• [INSTRUCTIONS FOR THE TASK]
Once the line containing "Image of a potted" is found in the entries below, reproduce it and every line after it, stopping at and including the line containing "Surfer at Porthleven, Cornwall."; reproduce nothing else, and keep each line exact.

• [THE DATA]
╔══

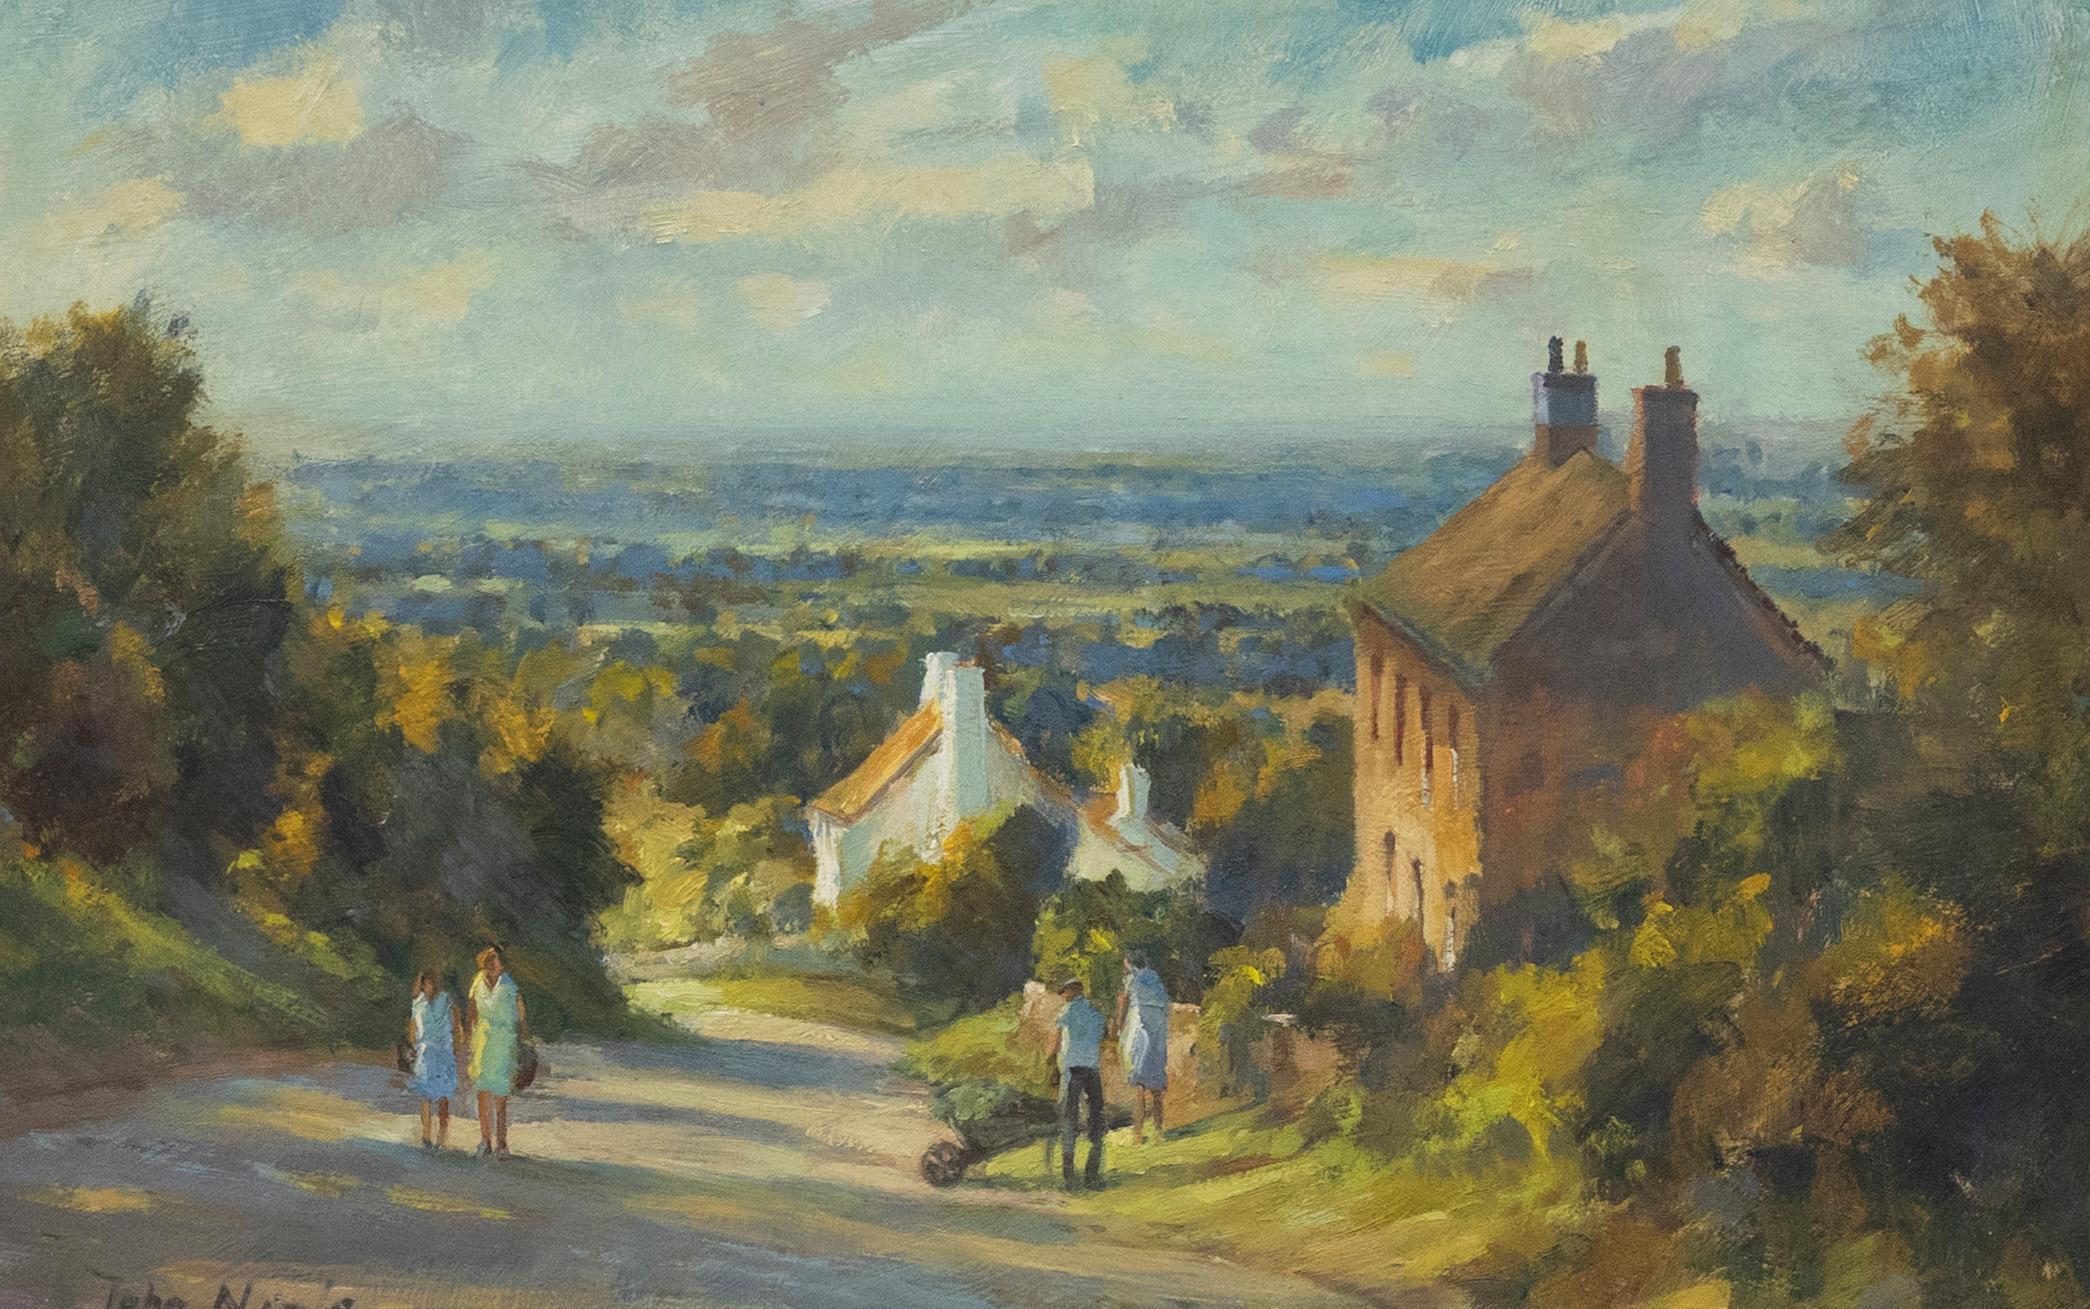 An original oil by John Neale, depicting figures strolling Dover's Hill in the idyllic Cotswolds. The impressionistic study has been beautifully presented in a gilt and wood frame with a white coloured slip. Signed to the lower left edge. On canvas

╚══
╔══

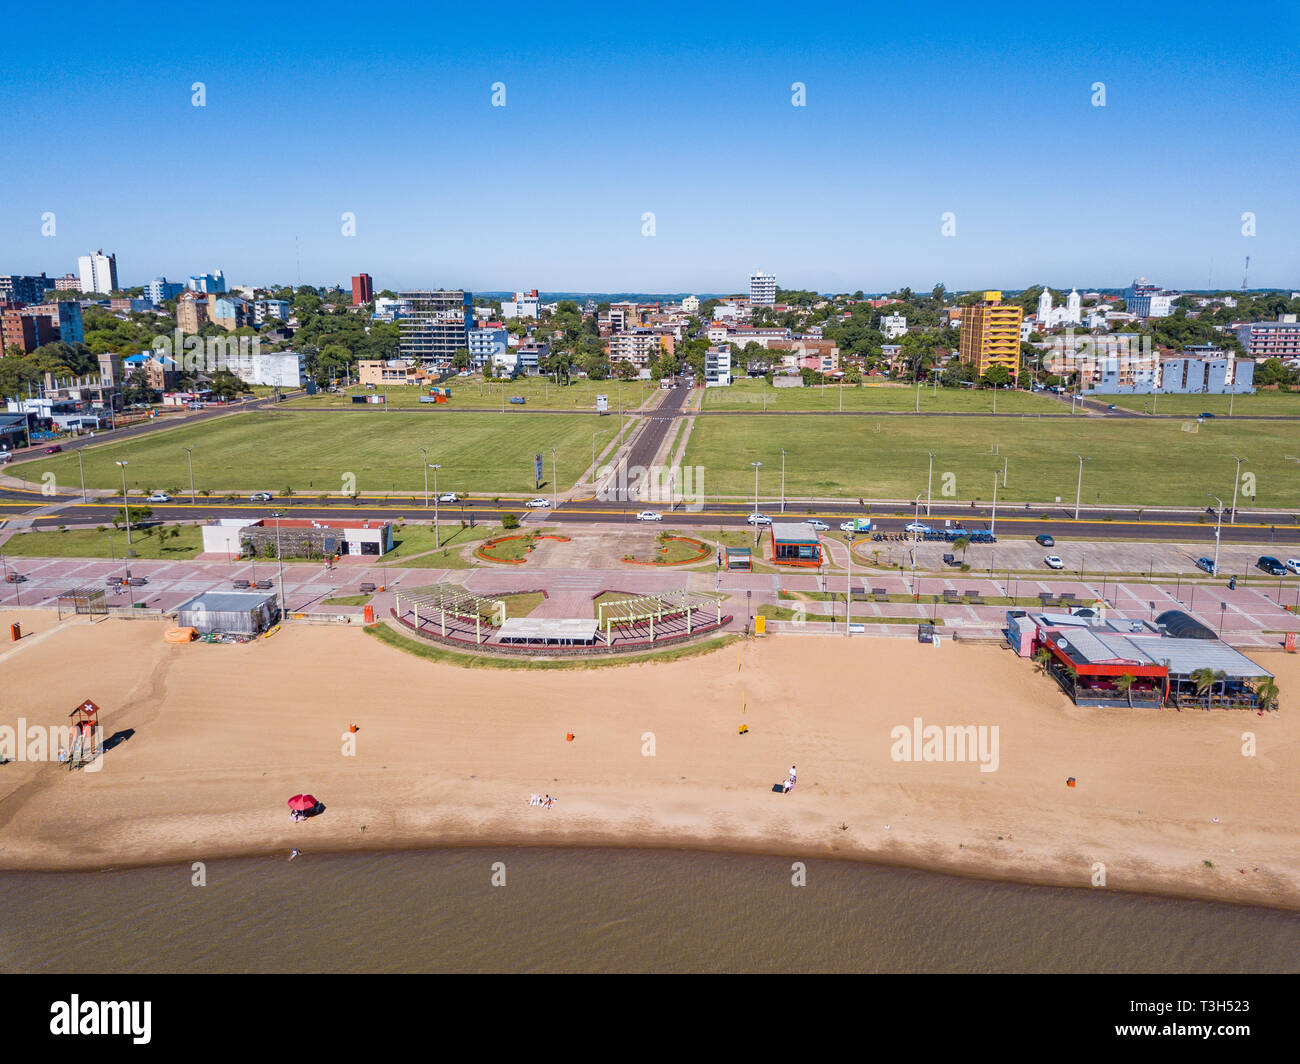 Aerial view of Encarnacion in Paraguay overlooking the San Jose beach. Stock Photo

╚══
╔══

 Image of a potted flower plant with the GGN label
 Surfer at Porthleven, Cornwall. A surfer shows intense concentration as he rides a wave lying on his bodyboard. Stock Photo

╚══

• [ANSWER TO THIS TASK]
 Image of a potted flower plant with the GGN label
 Surfer at Porthleven, Cornwall. A surfer shows intense concentration as he rides a wave lying on his bodyboard. Stock Photo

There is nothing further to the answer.